Hi,
I have two files as following:
$ cat file_1.fas
>CHROM-g19-B-0001-66906-67533
ATTTGATTTCTCATGCTAAACATTTATTGGTG
>CHROM-g19-B-0010-143637-144790
TCTGTCGACGGCAACTGTGAAACTTATCAGTG
>CHROM-g19-B-0010-147754-150523
GCACCCTGAGCCGAACTGAATTCCTTGTGAT
$ cat file_2.txt
A00120 CHROM-g19-B-0001-66906-67533
A00122 CHROM-g19-B-0010-143637-144790
A00124 CHROM-g19-B-0010-145875-146742
A00125 CHROM-g19-B-0010-147754-150523
I need to rename entries in file_1.fas
with their corresponding ids in file_2.txt
, to get the following;
$ cat file_3.fas
>A00120
ATTTGATTTCTCATGCTAAACATTTATTGGTG
>A00122
TCTGTCGACGGCAACTGTGAAACTTATCAGTG
>A00125
GCACCCTGAGCCGAACTGAATTCCTTGTGAT
NOTES:
In my real data, file_2.txt
has some more ids that can not be found in file_1.fas
, and I don't need them either, because there will be no entries in file_1.fas
to be replaced. Example will be A00124 CHROM-g19-B-0010-145875-146742
in file_2.txt.
Thank you for helping me on this post.
Hossein
What have you tried? What programming language(s) do you know?
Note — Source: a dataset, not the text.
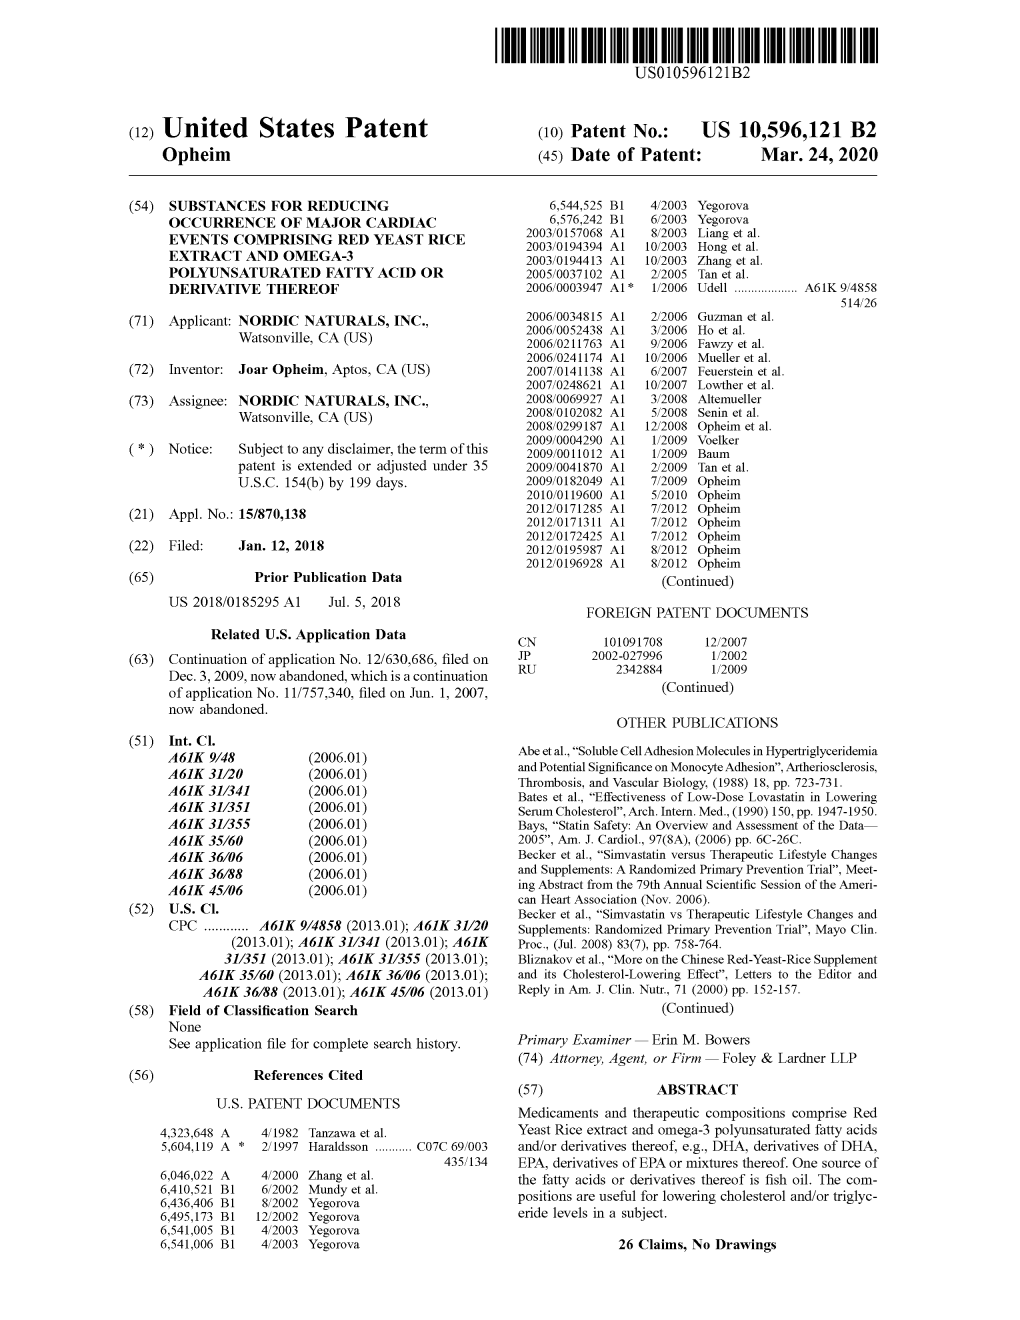 ( 12 ) United States Patent ( 10 ) Patent No.: US 10,596,121 B2 Opheim (45 ) Date of Patent : Mar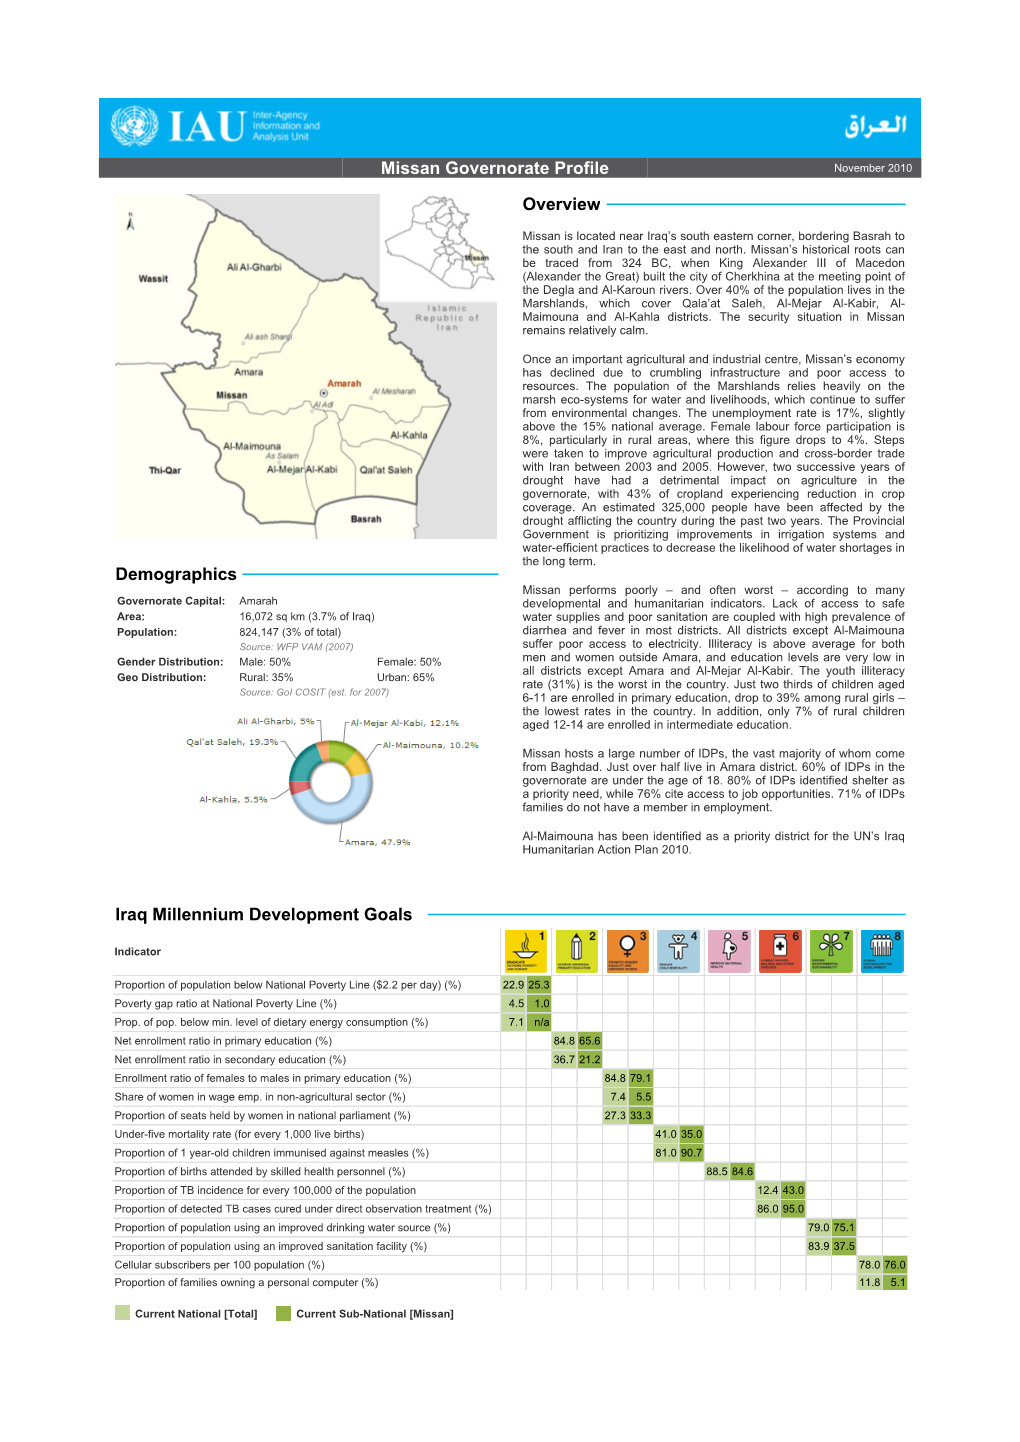 Missan Governorate Profile Overview Demographics Iraq Millennium Development Goals

I'm still in the beginning of scripting. Know a bit of shell, and perl.
If you're doing this with Perl or Python you'll want to look at reading the contents of `file_2` into a "hash" or "dictionary" data structure. Then as you loop through the `file_1` contents you can identify the header lines and then use them as "keys" to return the associated "value".